Нам ответить предстоит,
Да по пункту каждому.
Никому не миновать,
Трусу, иль отважному.
Так зачем же мы опять
Делаем те пакости?
Неужели это нам,
Добавляет радости?
Лучше б помнить нам всегда,
Ждёт нас Там расплата.
И не надо забывать:
"СМЕРТИ НЕТ, РЕБЯТА"!

Чуть только поднялось солнце, ворота лагеря открылись, и вместе с бричкой нашего доктора, шумно ввалилась полупьяная шайка охранников за своей очередной, кровавой, добычей. Главный из них, высокий но какой-то чрезвычайно сухой и поджарый, с подчёркнуто-зверским выражением лица, чернявый татарин, о чём-то пошептался с Юлием и повёл свою банду прорежать наши ряды.
Доктор незаметно махнул мне, что бы я подошёл, и я, поёживаясь после ночного холода, побрёл по ледяной росе к его телеге. Тот горячим шёпотом начал быстро-быстро бормотать, типа себе под нос, но что бы я его слышал: "Я имел говорить с их начальник Исмаил, он мне очень сильно должник, и он согласился тебя спасайт. Ты только должен ему верить и выполняйт все его указания".
- Ну ты, дружище, без приключений никак жить не можешь, добрый доктор. Мы же вчера с тобой всё обговорили и окончательно решили. Жить мне больше не для чего, и не для кого. Поэтому пусть всё останется так как оно сейчас есть. Я только буду рад, что наконец то это всё сегодня и закончится. А ты так можешь доспасаться, что нас с тобой к стенке рядом и поставят.
- Ти есть совсем дурной дурак - в сердцах вспылил Юлий, и похоже, что даже выругался по-итальянски.
На что я ему ответил лишь грустной улыбкой и пошёл на построение, для получения своего очередного (уж сбился со счёта, которого) смертного приговора.
Моя фамилия, хоть я её и ожидал, всё равно прозвучала как выстрел из пистолета. Вроде, как и готов человек к смерти, и смирился уже с ней практически, как с фатальной неизбежностью, но когда всё уже решено окончательно и бесповоротно, и обратной дороги уже больше не будет, то как-то непроизвольно не по себе становится, и предательски начинает колотить мелкая дрожь и подкашиваться колени.

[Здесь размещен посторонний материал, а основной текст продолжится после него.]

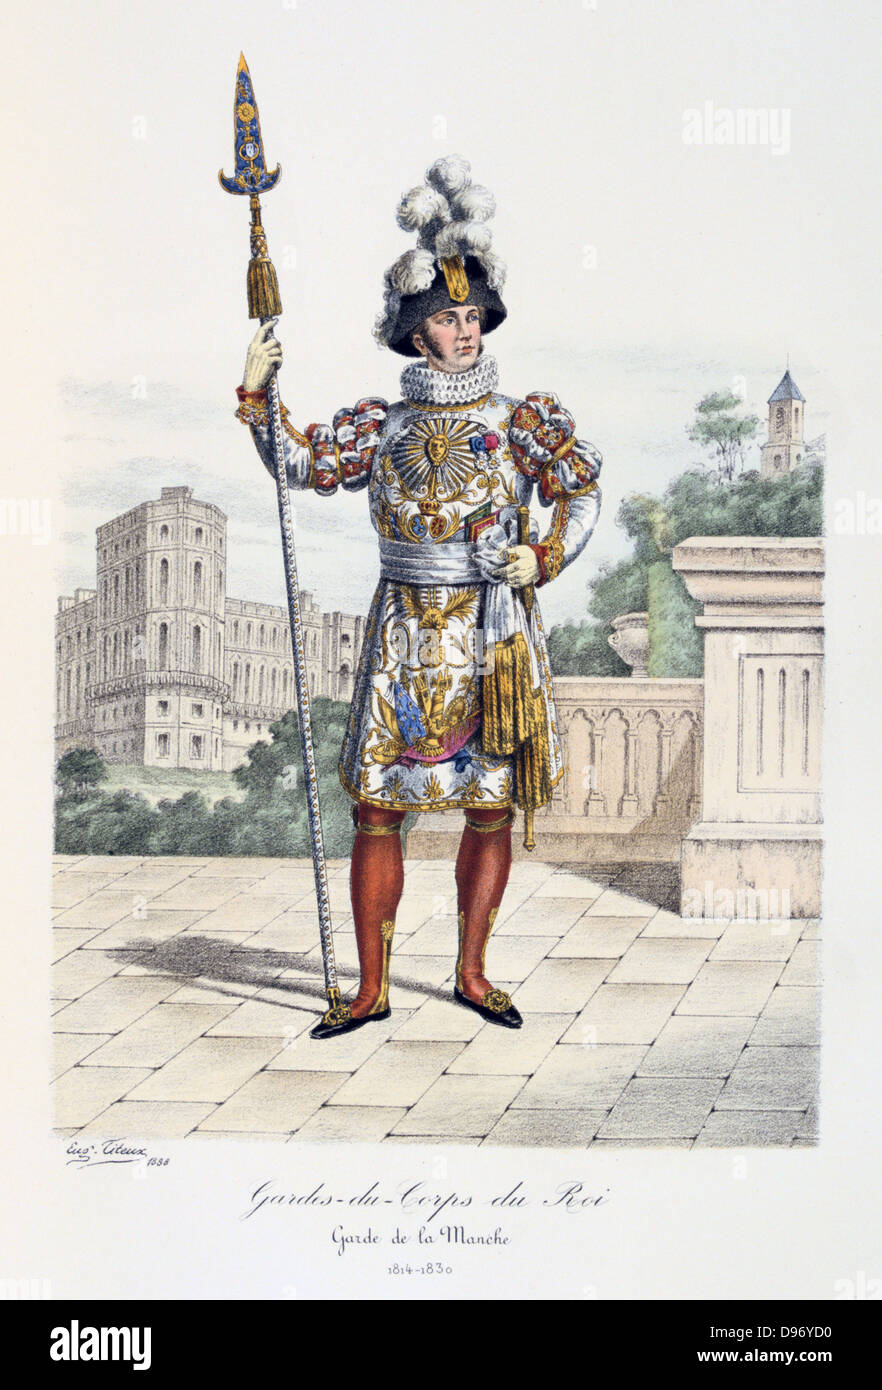 Soldat de la Garde royale en uniforme de cérémonie, 1814. À partir de 'Histoire de la Maison Militaire du Roi de 1814 a 1830" par Eugène Titeux, Paris, 1890. Banque D'Images

Нас, смертников, построили в колонну по двое и повели под охраной на выход из лагеря. Я даже не посмотрел в сторону Юлия, хотя явно чувствовал на себе его гневный, осуждающий взгляд. Дорога была длинной, мы истощены до предела, так что скорость наша была очень невысокой, но похоже на то, что никто никуда особо и не торопился здесь, программа была рассчитана на всю нашу оставшуюся жизнь.
Их главный, который, как сказал итальянец - Исмаил, ткнул меня стволом винтовки в бок и вытолкал из общей колонны. Видимо не столько для меня, а больше для своих помощников, он громко произнёс: "А с этой гнидой краснопузой я лично побеседую напоследок".
Мы немного отстали от общего строя, и он мне прошептал еле слышно: "Я буду тебя легонько пинать прикладом, а ты громко кричи и падай". И не дожидаясь великодушного моего разрешения, и совсем даже не легонько, а похоже со всей дури, татарин зафиндюрил меня прикладом в бок.
От неожиданности и боли, я реально вскрикнул, и рухнул в придорожную пыль. Тот зверски, типа врезал мне по почкам, на самом деле ударив ногой рядом, в дорогу. Я ему подыграл и снова громко вскрикнул. Так он ещё пару раз схитрил, потом громко прокричал: «Вставай тварь краснопёрая! Я что тебя на своём горбу тащить должен?»
Я, типа покачиваясь, поднялся и поковылял догонять остальных «счастливчиков». Он продолжал, идя сзади меня, гневным шёпотом: "Я бы тебя с огромной радостью прикончил, гад, да доктору задолжал я шибко. Дочку он мою, Софико, от смерти спас. Я ради неё и свою жизнь бы отдал не задумываясь, а не то что твою, мерзкую, большевистскую.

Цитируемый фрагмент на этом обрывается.